Last year I planted raspberries, this year they returned quite prolifically. Therefore, I feel confident in posting this how-to for planting raspberries.
I had read the book Lasagna Gardening by Patricia Lanza and technically I should have started the lasagna process in the fall, however due to moving in to our house and a series of rainy weekends we were just unable to get it done. In the spring I just decided I was going to do the lasagna anyway and if it didn’t work well I’d try again. Here is what I did:
Materials for the lasagna: corrugated cardboard or lots of newspapers, straw, dried leaves, compost, composted manure, are some of the items you can use
1. Choose your site and mark it out.
2. I had my extremely loving husband dig up the grass and flip it over. I did this because we started in the spring, had it been fall and I started the garden properly I would have just laid the materials over the grass to smother it and waited until the spring to plant. I was concerned about the grass growing up through the raspberries and it is important not to have weeds or grass in a raspberry patch so the dirt was turned.
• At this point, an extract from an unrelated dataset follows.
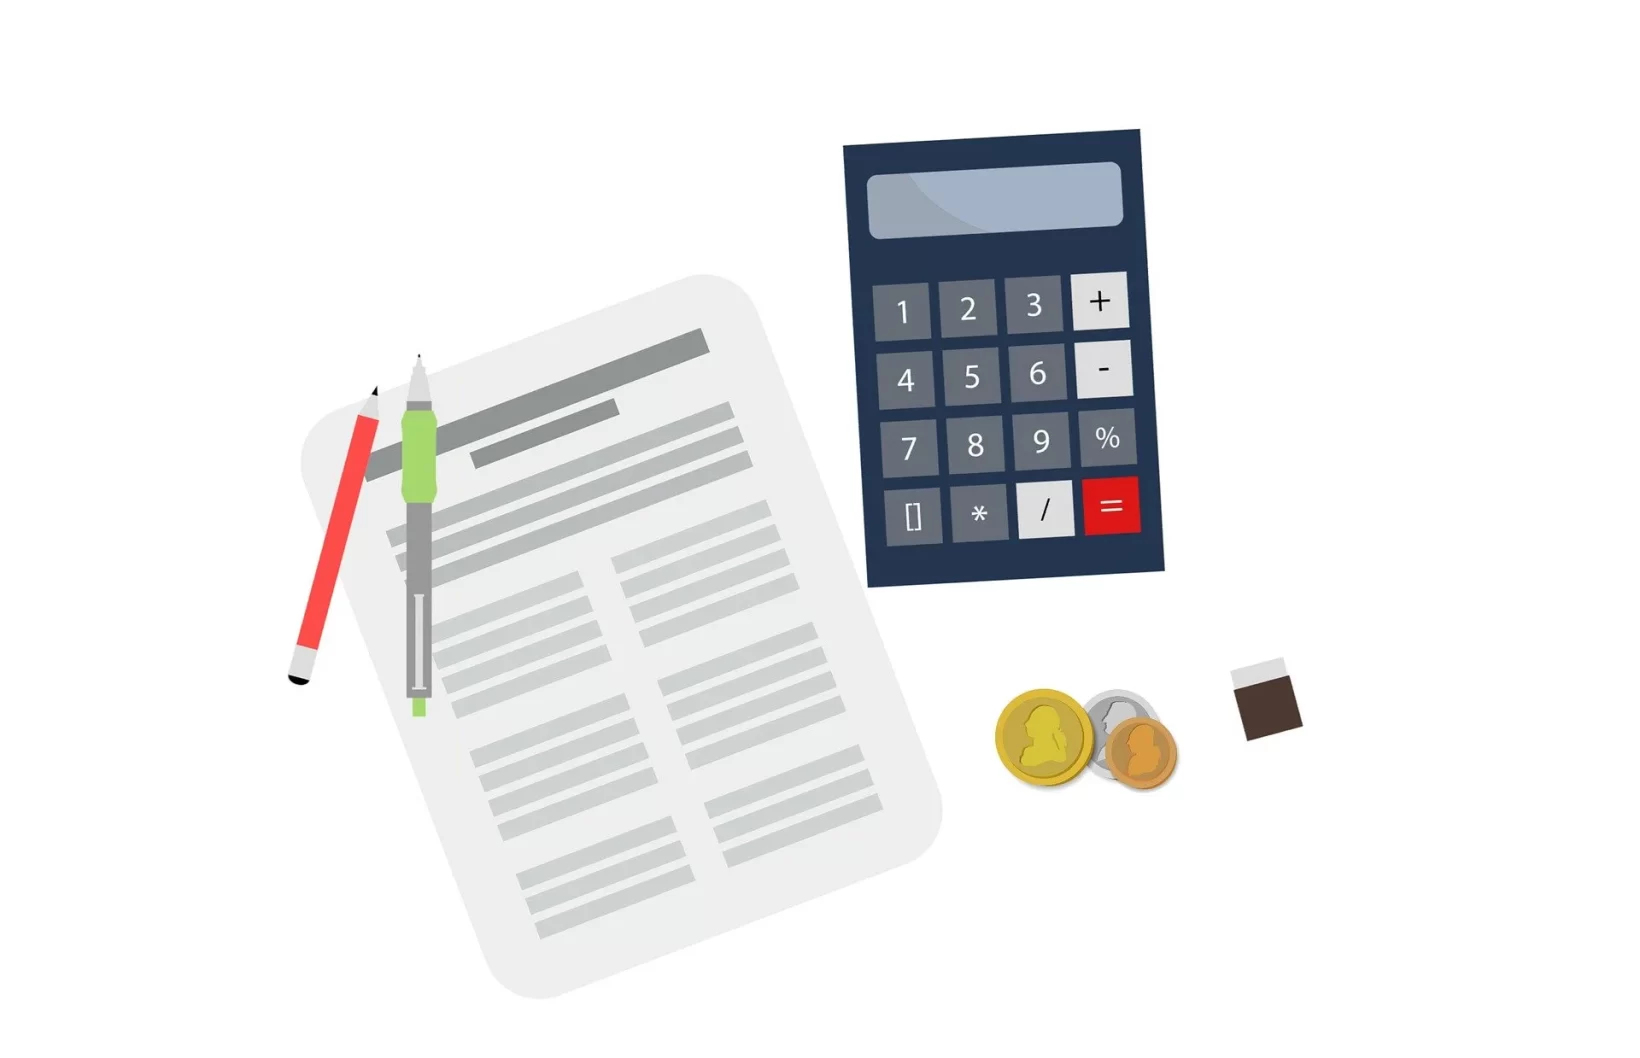 The image with a white background shows a pencil, pen, paper, calculator and some coins.

3. Dig a hole for the raspberries. Our soil is like clay so I made sure to dig wide holes.
4. Trim the roots of the raspberry canes to 8 inches.
5. Place the root in the hole.
6. Cover the root with a good dose of compost. Plant the raspberries approximately 4 feet apart.
7. Cover the whole bed with compost.
8. Next cover it with a layer of corrugated cardboard or wet newspapers. Do not use glossy magazines or glossy covered boxes. If you use newspaper make it at least 10 sheets thick preferably 15 sheets thick. Make sure the canes are sticking up through the cardboard/newspapers.
9. Add another layer of compost/composted manure/leaves, and then add straw or organic mulch on top.
10. Trim the canes to 6 inches, water thoroughly, and keep it watered all summer and fall.
This year the raspberries will need to be trellised to keep them from flopping over. I have not done this yet and you may notice I have and “L” shaped bed. Usually raspberry beds should long and straight, but I am not one who always follows the rules 🙂 I will do a write up later this season when the trellis system is installed. You may also notice that I planted the raspberries around a strawberry bed. The raspberries did grow into the strawberries, I just pulled up the young shoots like I would a weed and so far the two berries are getting along just fine.